As for the genetic signatures of domesticity, Larson chalks up the differences between dogs and cats to the intense breeding of dogs that has happened in the past 150 years, not to any fundamental differences in domestication. All this talk of semidomestication, he says, simply dredges up centuries-old stereotypes of cats as peculiar beings. “We don’t like loners,” he says. “We see a lot more of ourselves in dogs.”

So are cats wild or domestic? Let me tell you one more story about Jasper. Over Thanksgiving, our family (including our two cats) drove to my wife’s parents’ house. My sister-in-law’s clan was there as well, with her two boys, 2 and 5 years old. One morning, we were all hanging out in the basement: my kids squealing as an electric train screeched along a metal track, their cousins racing their bikes around the room, and the adults shouting a conversation over the bedlam. Jasper sat on a couch in the corner, stared at us calmly for a while, then fell asleep.

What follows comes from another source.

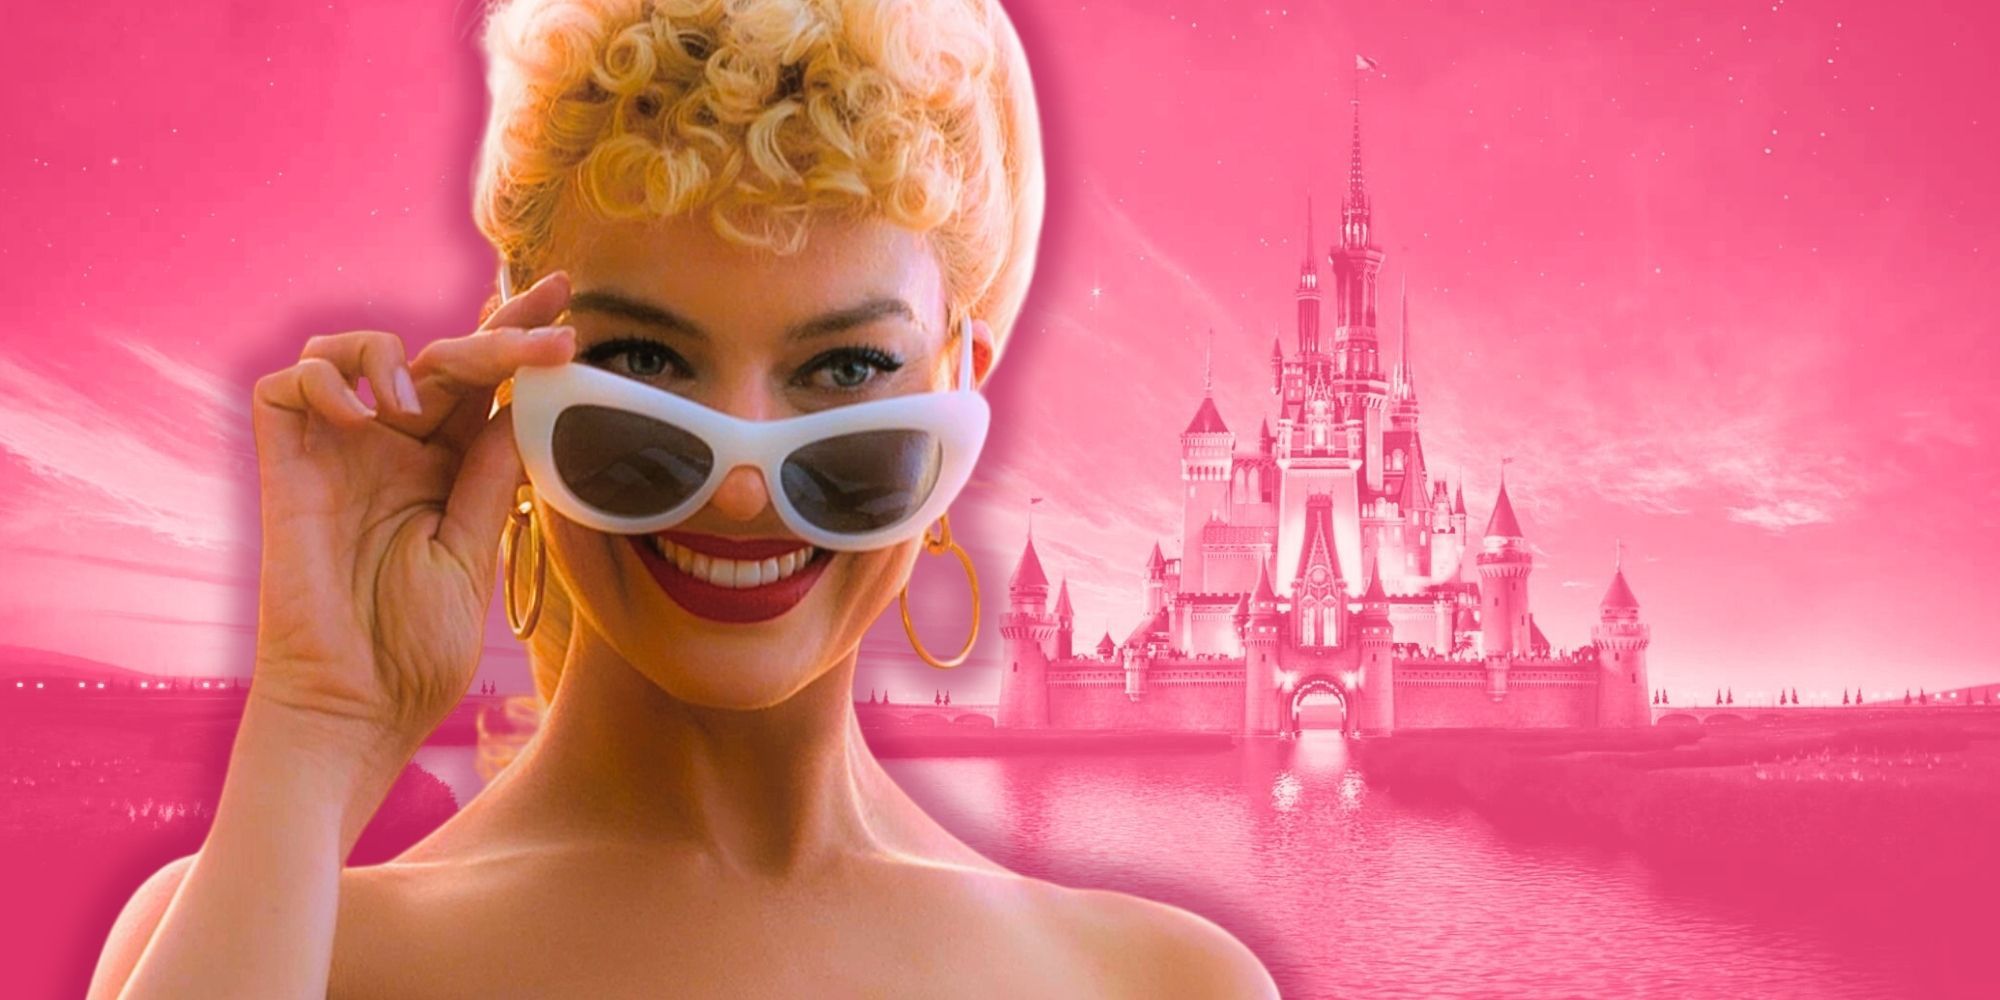 Margot Robbie as Barbie in front of the Disney castle

Cats are descended from some of the world’s most fearsome predators. They can be aloof and mysterious, and when they go outside they blend into the savage world around them, stalking, growling, and leaping—their eyes wide, their ears back, their teeth bared. They are the kings of their backyard jungles. Yet they give it all up to be with us—a loud, erratic, and sometimes incomprehensible species. When they cross our thresholds, the beast fades away. They tame us, and they are tamed by us. Cats may have retained a bit of their wild ancestry, but they always come home.